The bigger issue is a rise of cases in Europe, which has now overtaken the US. This needs careful monitoring for signs of any return to lockdown. For now, mortality rates and hospitalisations have stayed low.

US election outlook

Most pollsters and analysts continue to assign a 70-80% probability of a Biden win ahead of this week’s first debate. The bookies, burned by 2016, are more circumspect with a 50-60% probability in Biden’s favour.

Polling suggests only 20% of people expect a result on election night, with 45% predicting a result within a week.

The debate over the market implications of a Biden victory is convoluted, but we suspect the view that Trump is good for markets and Biden is bad is too simplistic.

Taxes may go up under Biden — any additional capital gains tax may prompt a bout of selling. But we may see greater fiscal expansion and a more accommodative Fed under a Democrat administration. This would be pro-growth.

A lot also depends on the margin of any victory and the Senate results. While there may be nuances, large-scale fiscal stimulus and monetary expansion are likely to remain in place regardless of the outcome.

Market outlook

Correlations remain high across markets, with a stronger USD dragging on returns for US equities, commodities and gold. Brent oil fell 2.9%, iron ore was down 2.6%, copper dropped 4.5% and gold was off 4.8%.

While case numbers and concerns over growth prompted a 1.8% gain in the US Dollar index, this did not translate to any stress in credit markets or liquidity.   Concerns over the possible economic impact of rising case numbers prompted outperformance of US growth names as investors sought certainty on earnings.   Australian equity gains were led by large caps — particularly the banks (+4.4%) and health care (+4.0%).

The banks benefited from news that the government was planning to relax some rules around responsible lending.

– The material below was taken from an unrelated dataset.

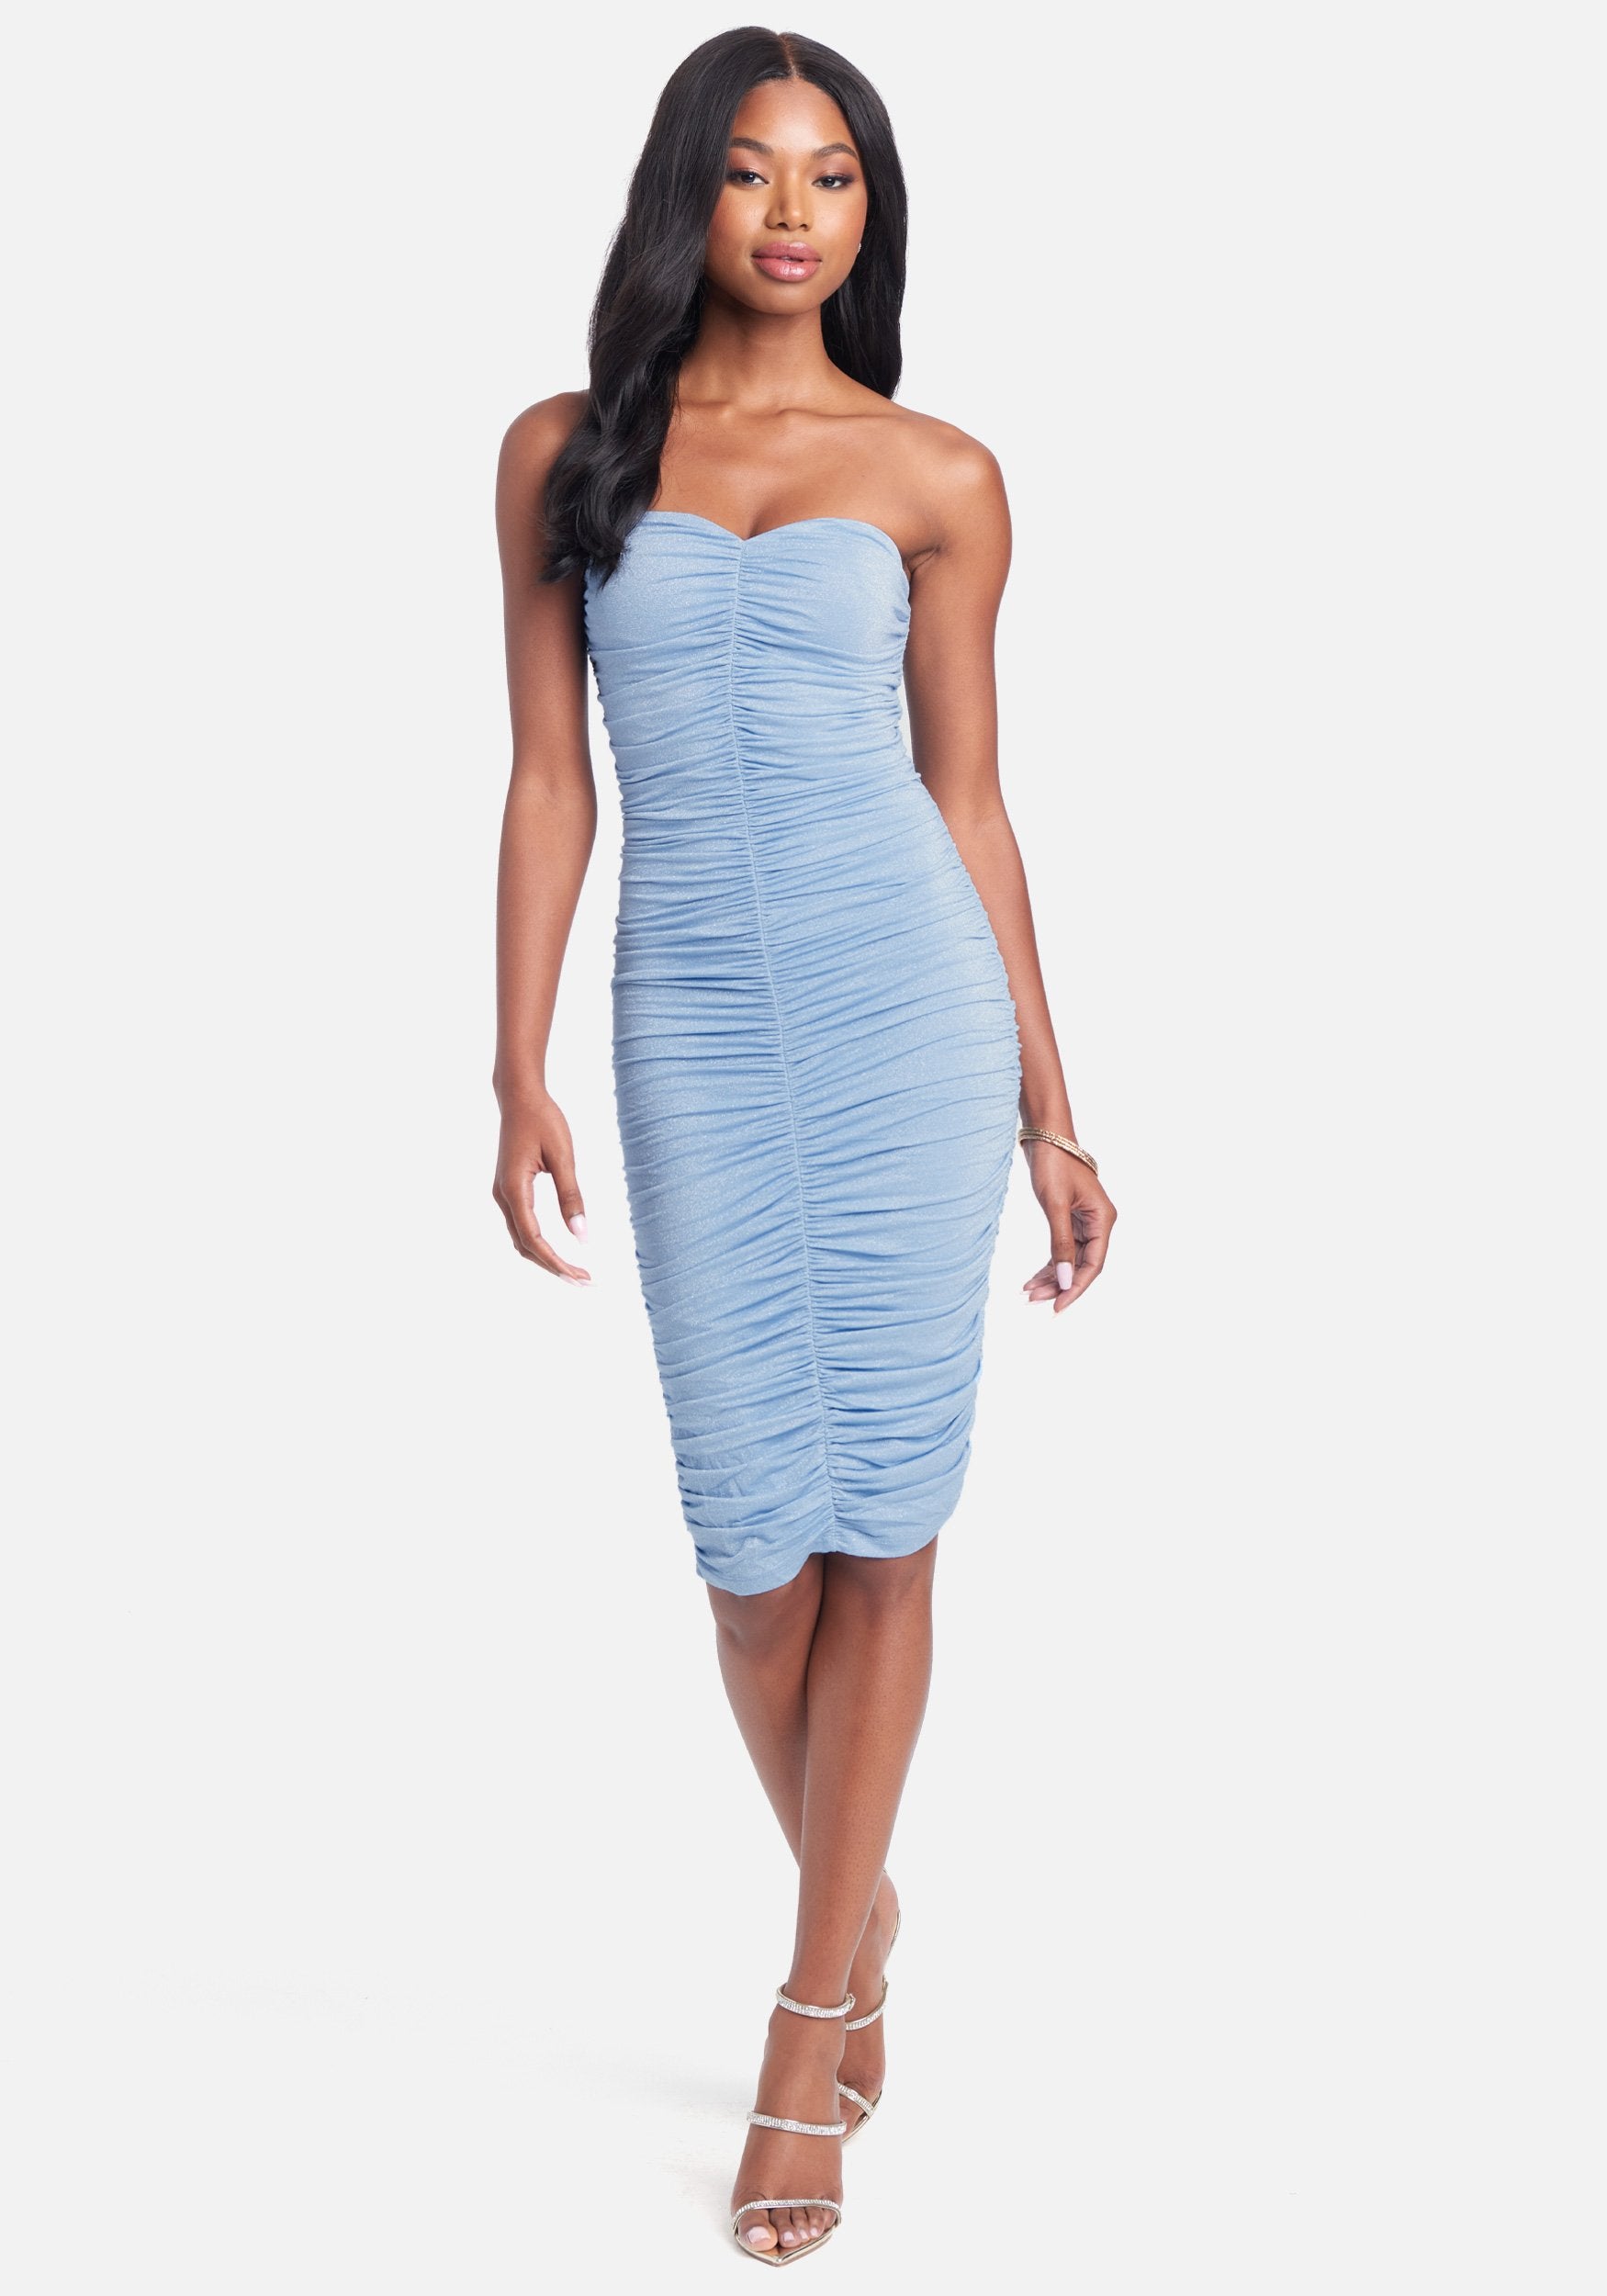  Accessories > Jewelry > Bracelets-Strapless Ruched Sparkle Mesh Dress

The effect on credit flow is likely to be marginal. But it may help ease pressure on some borrowers as mortgage deferral periods roll-off.  The bigger issue for banks remains the margin squeeze from lower interest rates and a limited ability to reduce costs. Talk of further rate cuts only exacerbates this headwind.  However, on the positive side, it may also signal an end to the extended period of tighter and tighter regulations which the banks have faced over the last few years. 

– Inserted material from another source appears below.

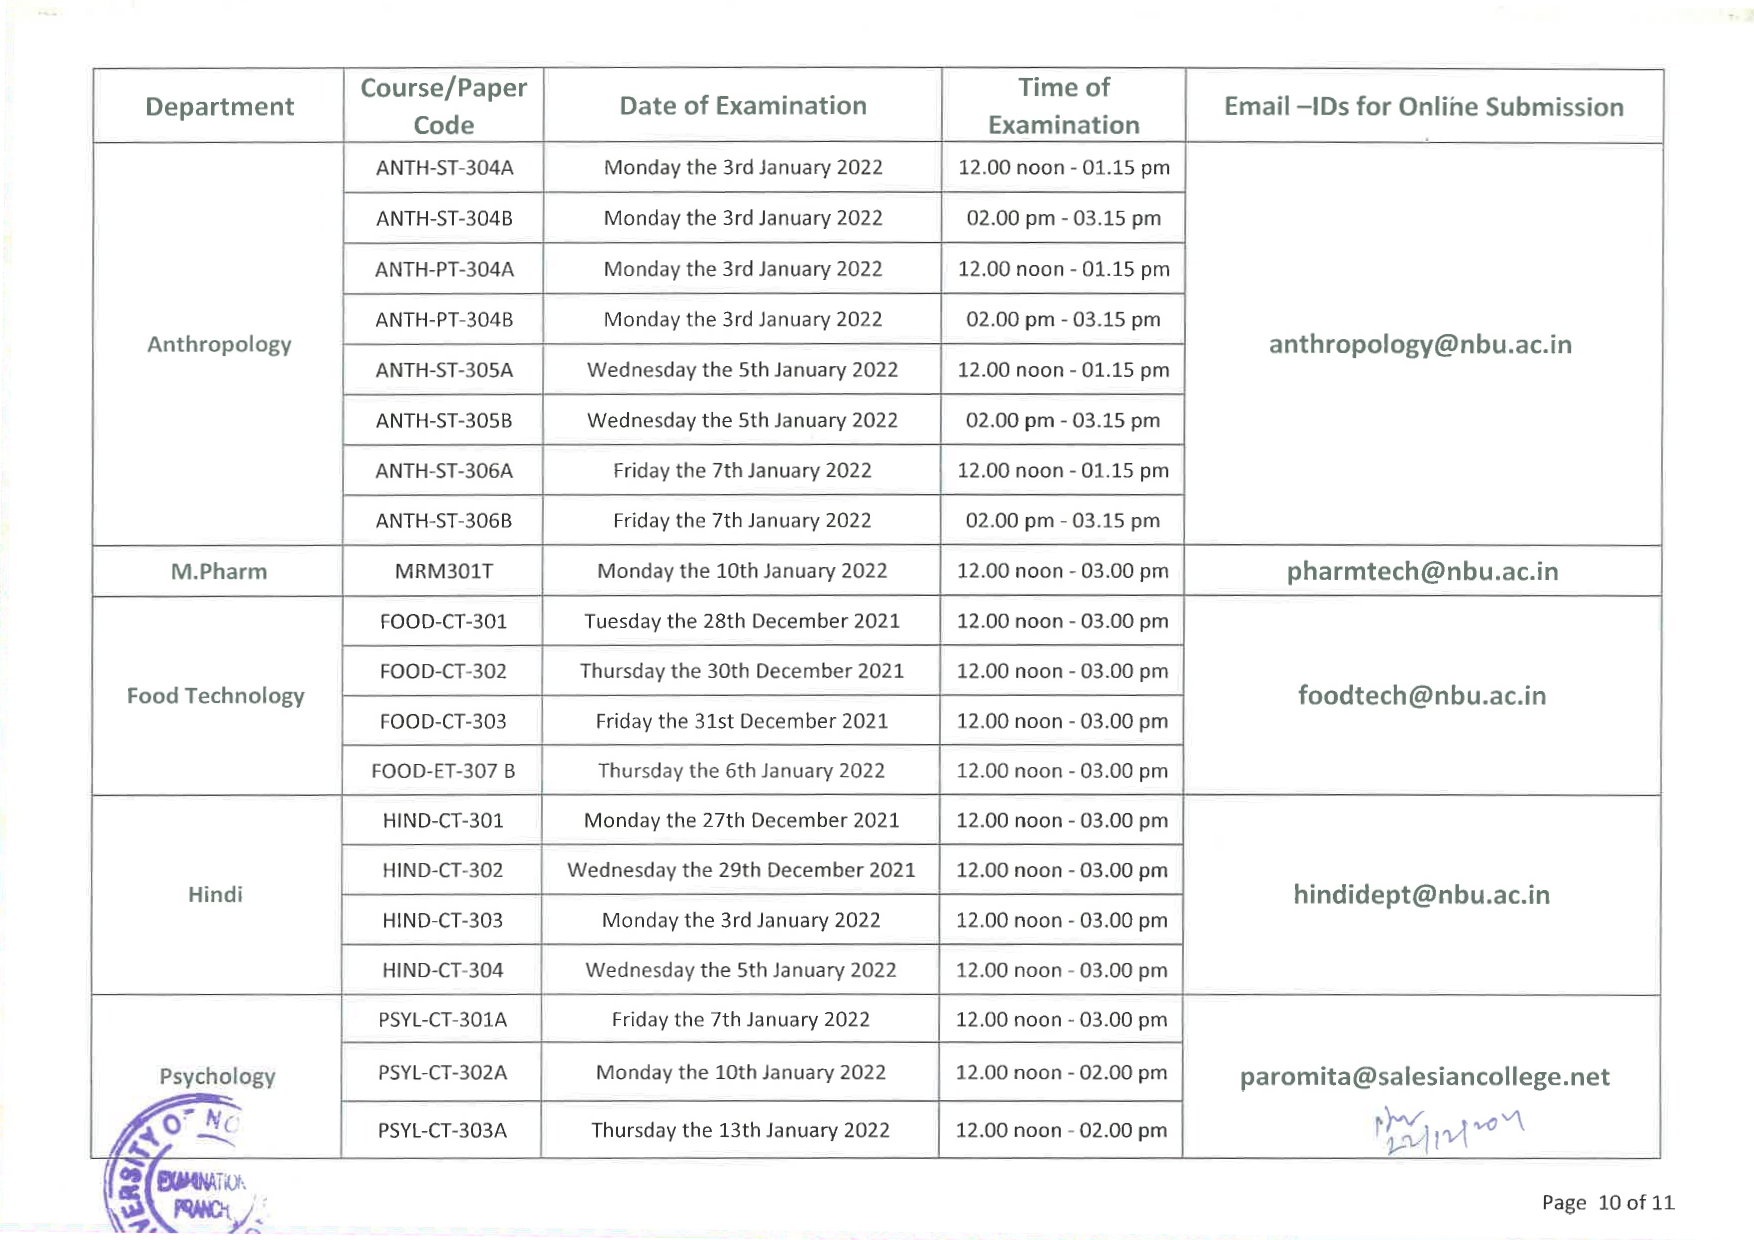 EXAM SCHEDULE FOR LL.M SEMESTER III (PAGE 10)

Gold miners and resource stocks underperformed last week as commodity prices came off. Northern Star (NST, -8.4%), Evolution (EVN, -8.3%) and Saracen (SAR, -6.6%) were the worst performers in the ASX 100.

The expectation of an October rate cut drove bond yields lower, generally helping utilities and infrastructure names.  Conglomerate Soul Pattinson (SOL, +14.4%) was the strongest performer on the ASX 100, followed by Transurban (TCL, +8.4%) and TPG Telecom (TPG, +7.2%).  Atlas Arteria (ALX, -3.7%) bucked the broader trend of infrastructure outperformance as French case numbers grew. Though at this point there has been no traffic impact on its toll roads.